RCM4300 and loss of TCP connection

Hello,

My configuration is :

  • RCM4300
  • Dynamic C 10.72E

On a new system delivered to one of our customers last year, we are experiencing problems with TCP connection losses.
The programme is fairly simple, as it receives commands via TCP or the embedded website and changes the relay status.

We use a TCP connection (port 23) to send commands.
When first used, everything works normally: reading and writing, TCP session opening/closing.
The connection can be restarted several times without any impact.
Likewise, the Ethernet cable can be disconnected and reconnected, and the connection restarted easily.

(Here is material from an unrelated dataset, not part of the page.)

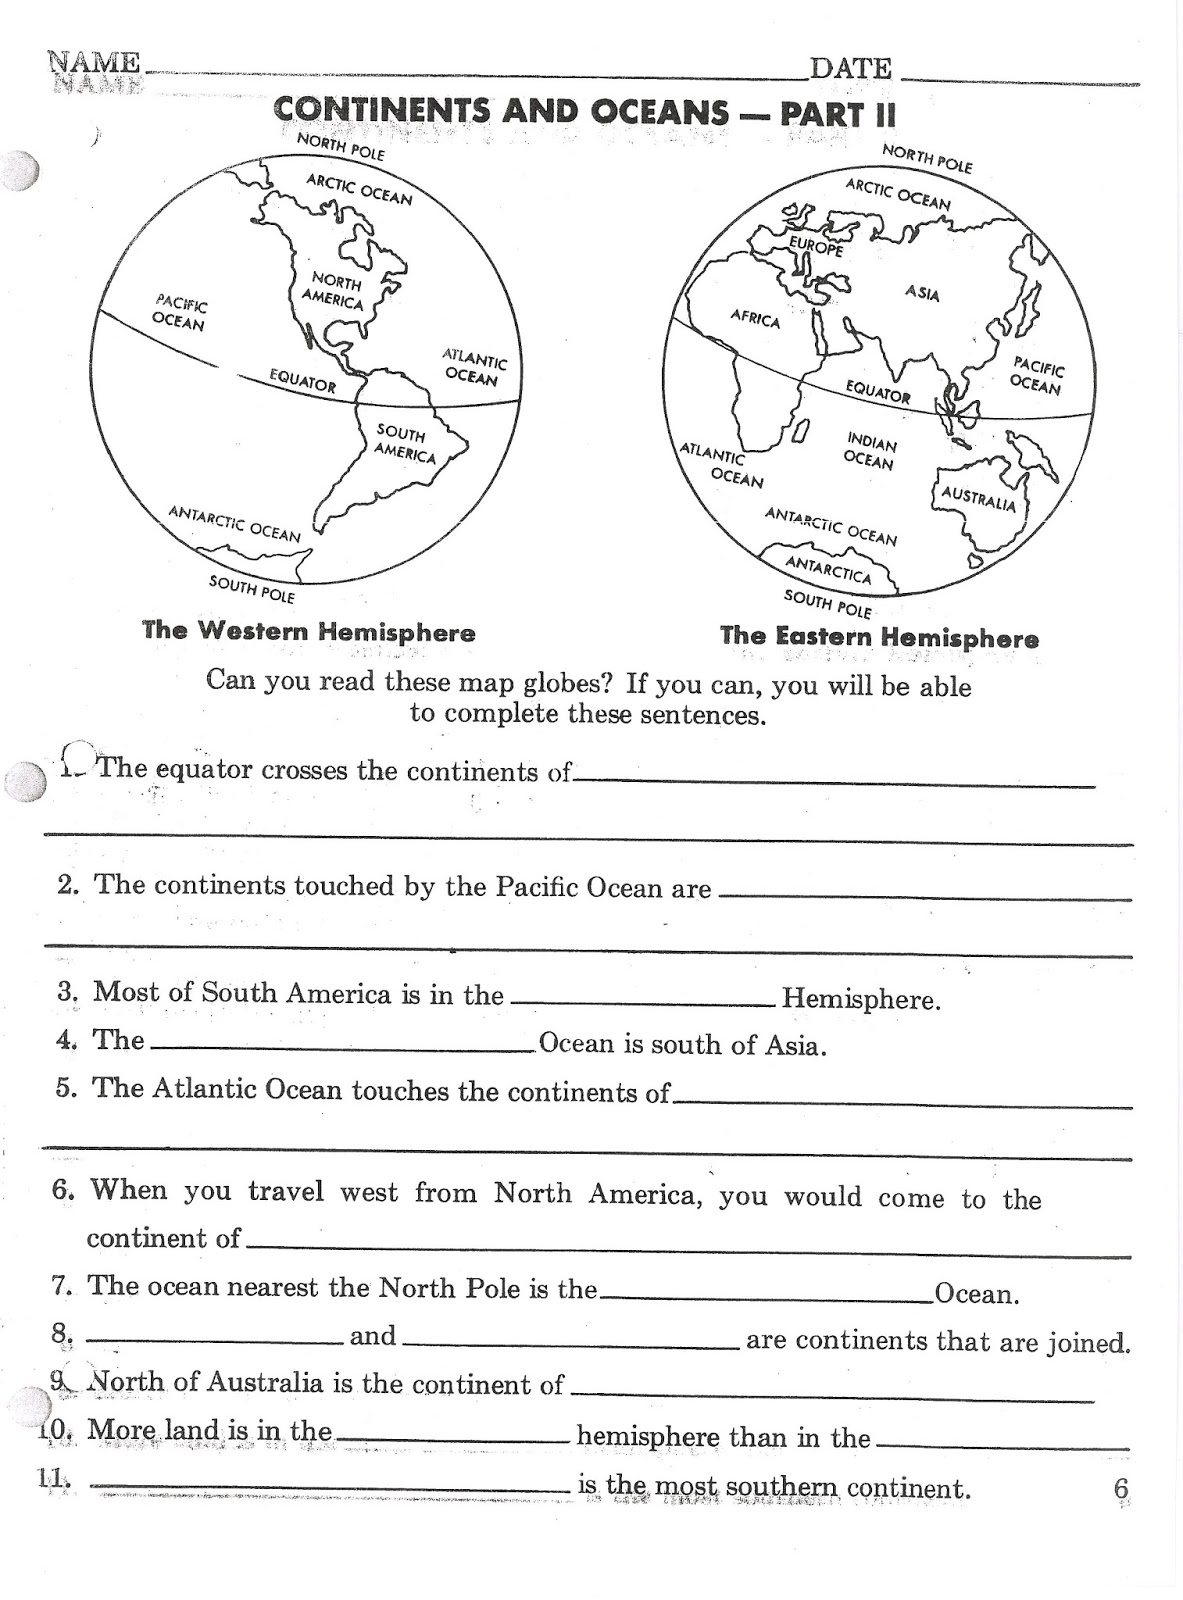 Oceans and Continents Quiz Printable

After several days of operation (sometimes more than a week) :
We can no longer establish TCP communication.
Pinging is functional from the PC.
The web interface remains accessible and allows control.
TCP connection (port 23) is refused (e.g. PuTTy, our dedicated software or other equivalents).
Unplugging/plugging the network cable or closing the software on the PC does not change anything.
The only way to re-establish communication is to switch OFF/ON, followed by a restart of the PC software.

Do you have any idea what the problem is?
Is there a way to restart the TCP/IP connection in the event of inactivity, or to clean up the TCP/IP stack?
How does the TCP/IP stack behave in the event of inactive or badly closed connections?

Thanks in advance.

Since your HTTP server is unaffected and pings work, we know that the TCP/IP stack is still working.

Can you share your state machine for managing the telnet socket? My guess is that something is happening and the socket is stuck in limbo. It thinks it’s connected, but it isn’t, and there isn’t any code to detect that state and reset the socket.

The sock_established() API should tell you when you’ve lost a connection. At that point, you can call tcp_listen() on the socket again to accept inbound connections. Samples/tcpip/telnet/rxsample.c is a simple sample demonstrating a state machine to reset the socket to listening status after losing a connection.

If you can run your program from the Dynamic C debugger and reproduce the failure, you could stop program execution and look at some of your state variables, including the socket structure, to possibly identify what’s going on. Or if you have a serial debug output, you could have a routine that dumps as much state information as possible and maybe trigger that from an unused input on your hardware.

The tcp_Socket structure has elements related to tracking keepalive packets, and it should detect when the remote end has disappeared without properly closing the socket. But it looks like you need to manually enable that for the socket, using the tcp_keepalive() API. I think that enabling keep alive messages will probably resolve the issue, and you should start there. Make sure you can reproduce the failure so you know whether your changes actually fix the problem.

For testing, you might be able to reproduce this failure by breaking the network connection between the Rabbit and the client PC while the connection is open.

You could also make use of the pd_havelink() API to check for network disconnections, and automatically reset your telnet socket in that case. That’s probably overkill in this situation.